(Records from a data collection)
-=-=-
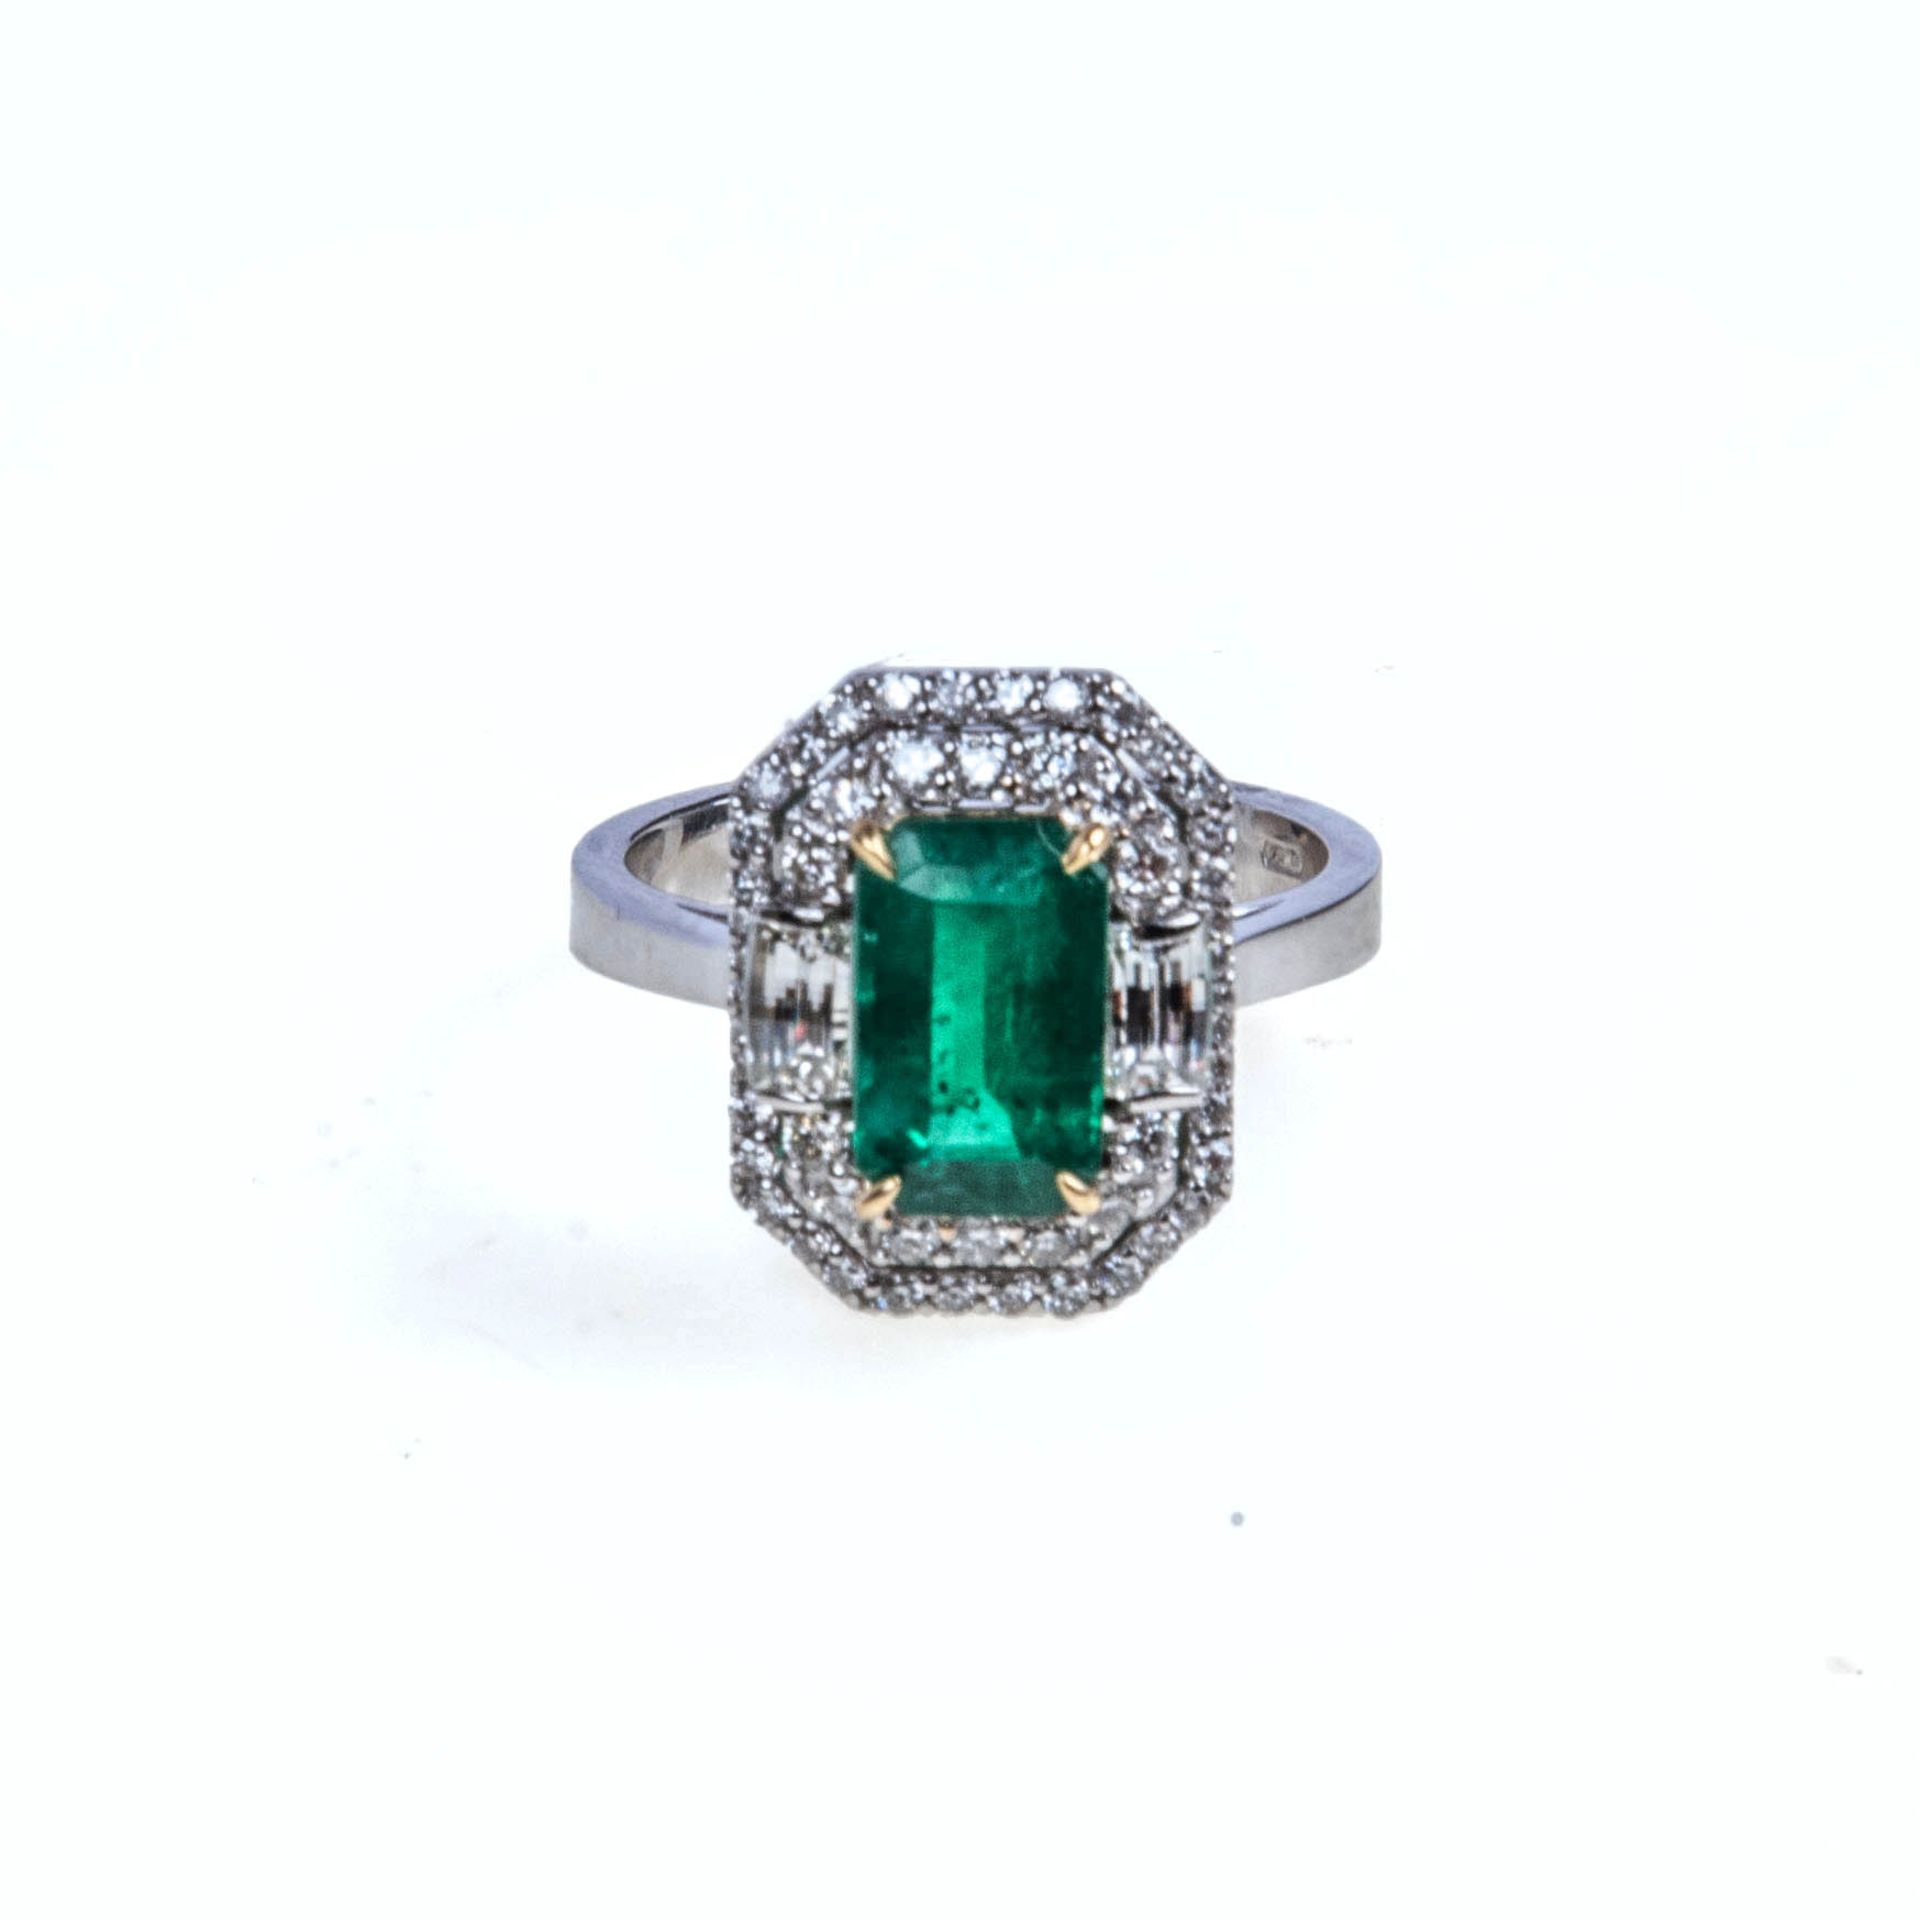 Smaragd-Brillant-Ring - Image 3 of 3
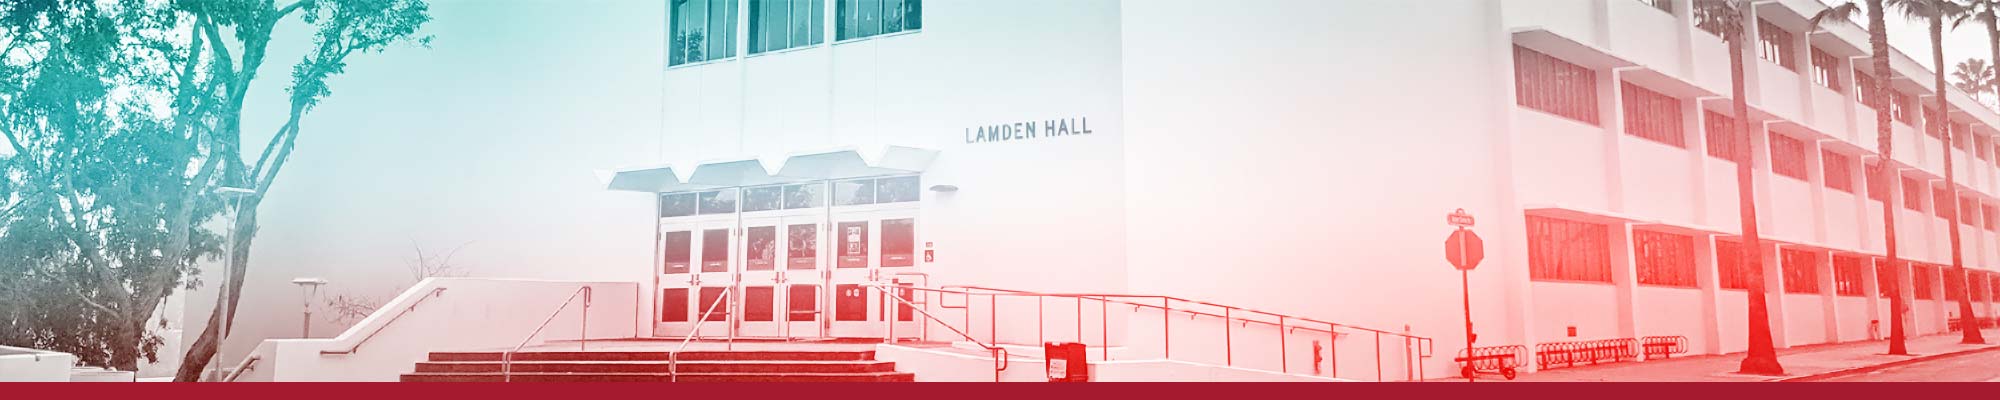 Lamden Hall
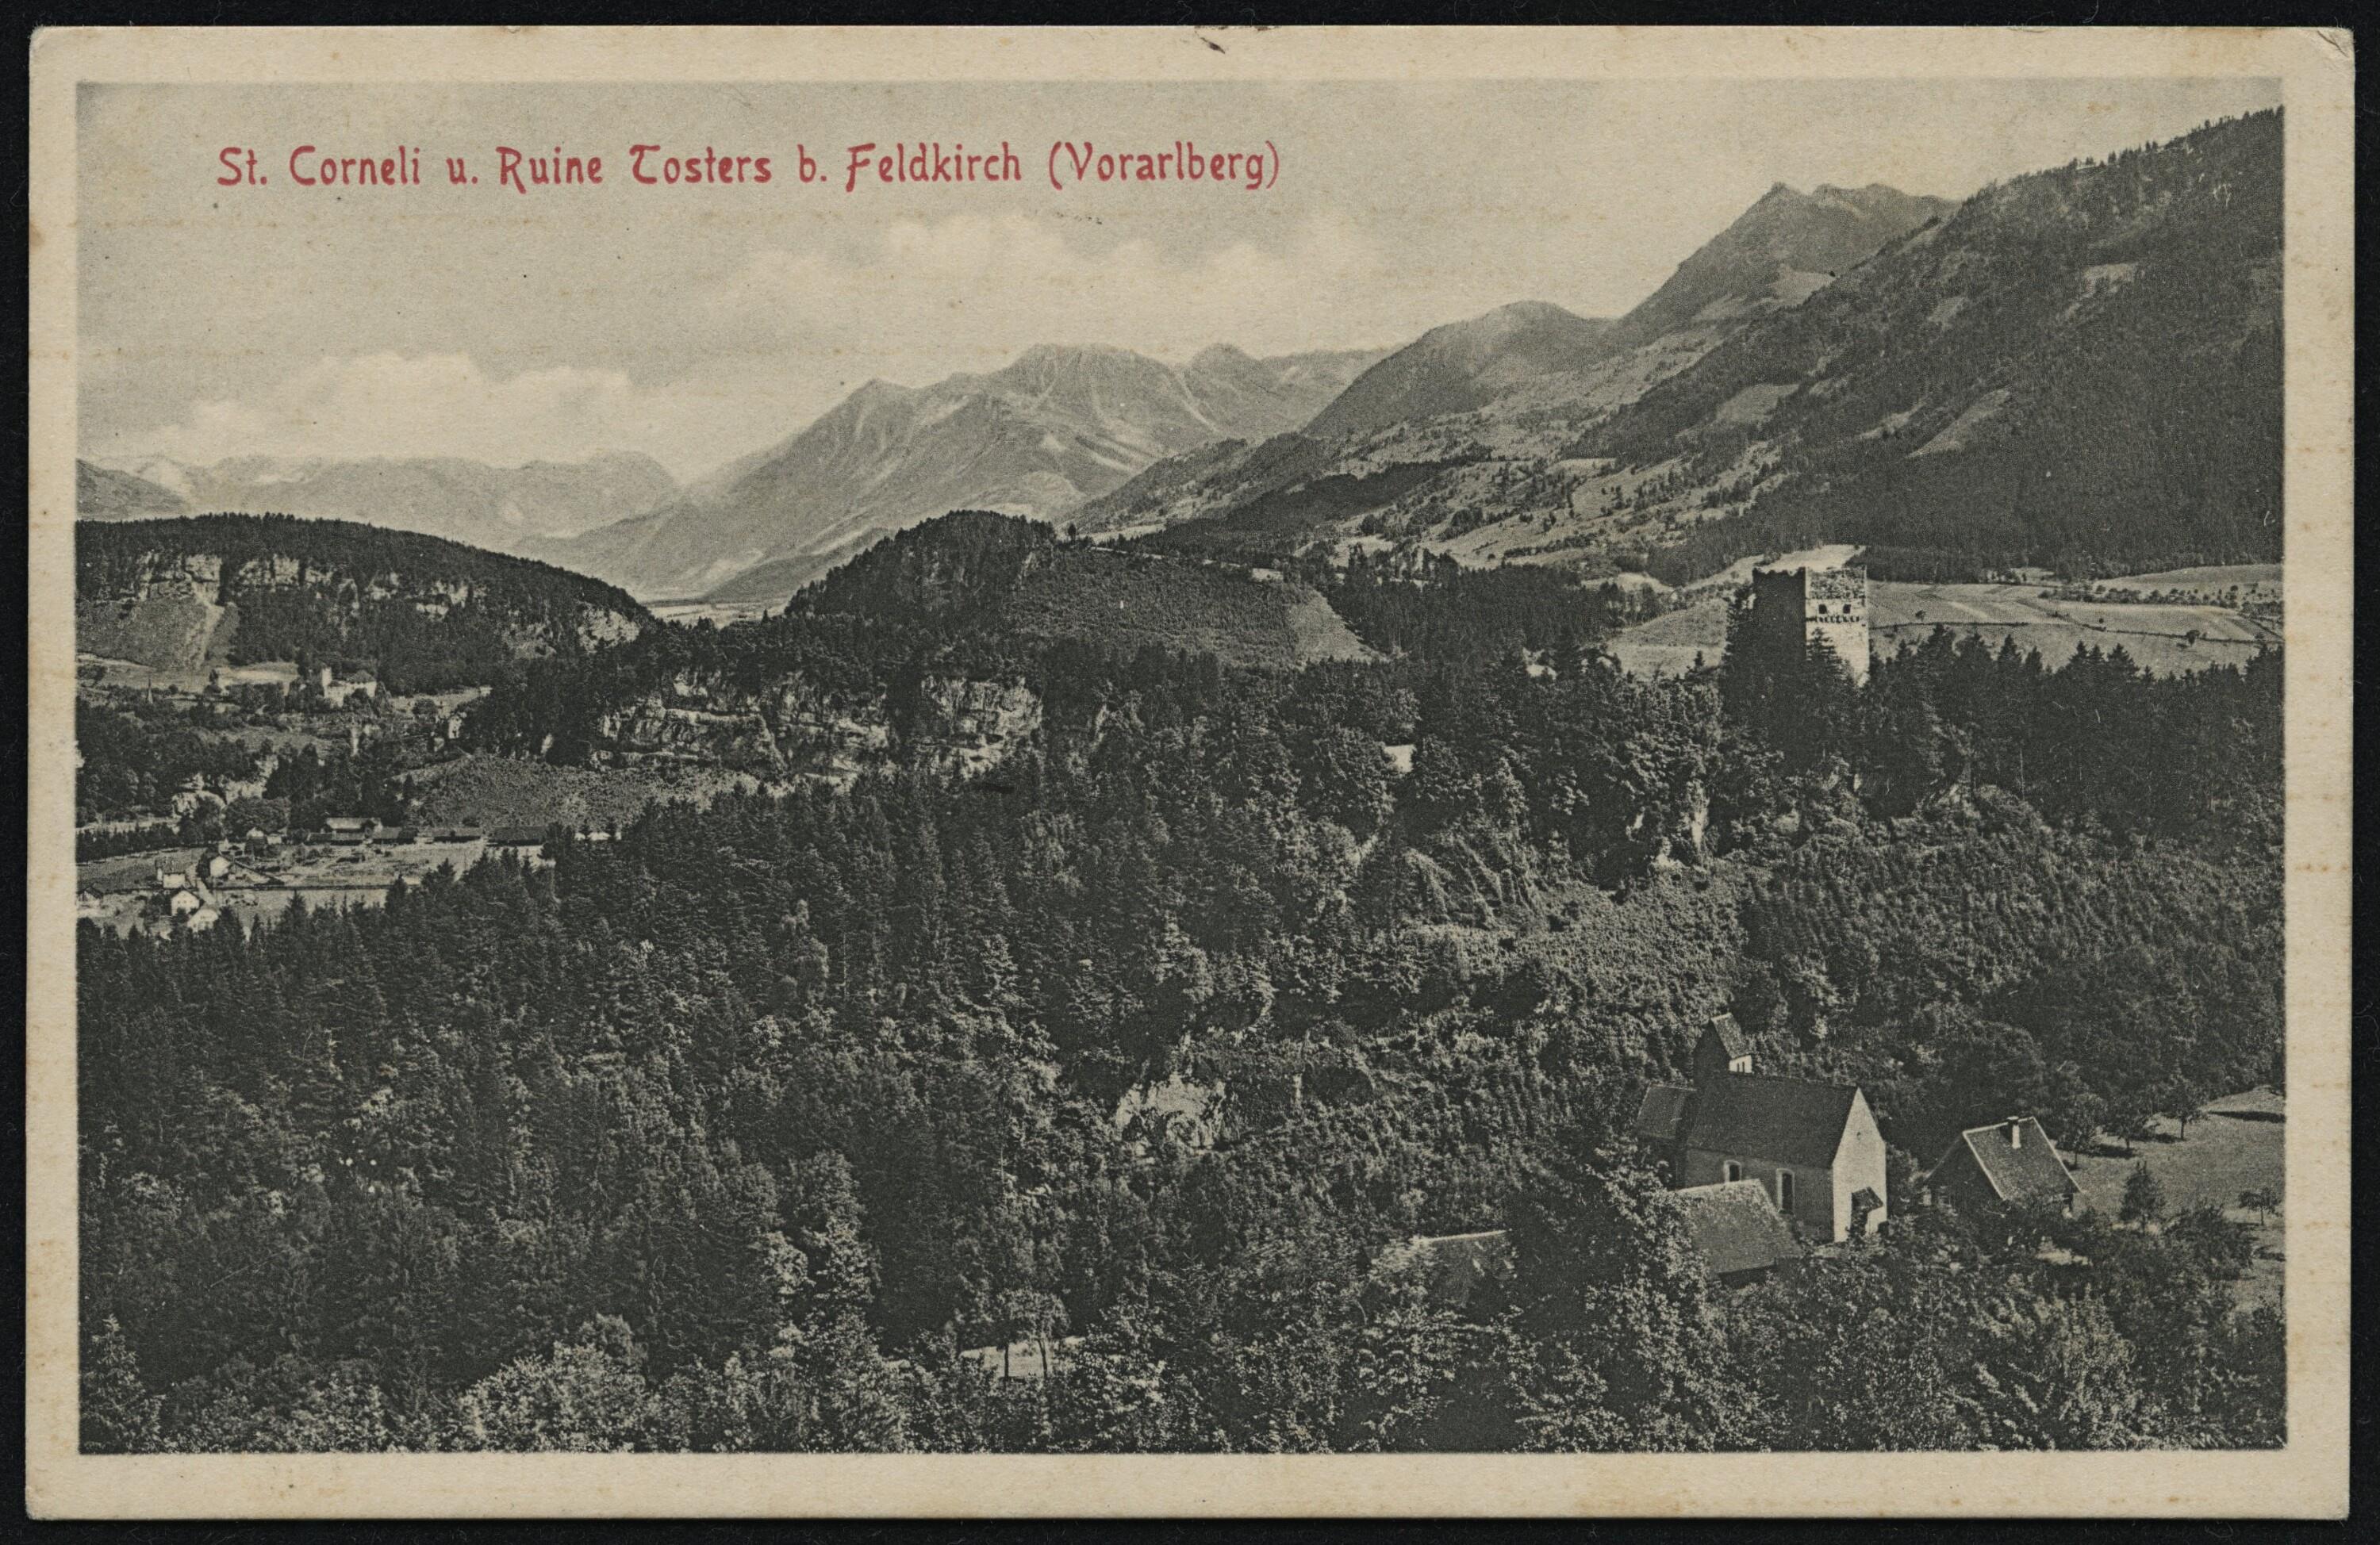 St. Corneli u. Ruine Tosters b. Feldkirch (Vorarlberg)></div>


    <hr>
    <div class=
-=-=-
Verbatim copy with pictures excluded: write out the records above in full.

[WORKED SOLUTION]
 Smaragd-Brillant-Ring - Image 3 of 3
 Lamden Hall
 St. Corneli u. Ruine Tosters b. Feldkirch (Vorarlberg)></div>


    <hr>
    <div class=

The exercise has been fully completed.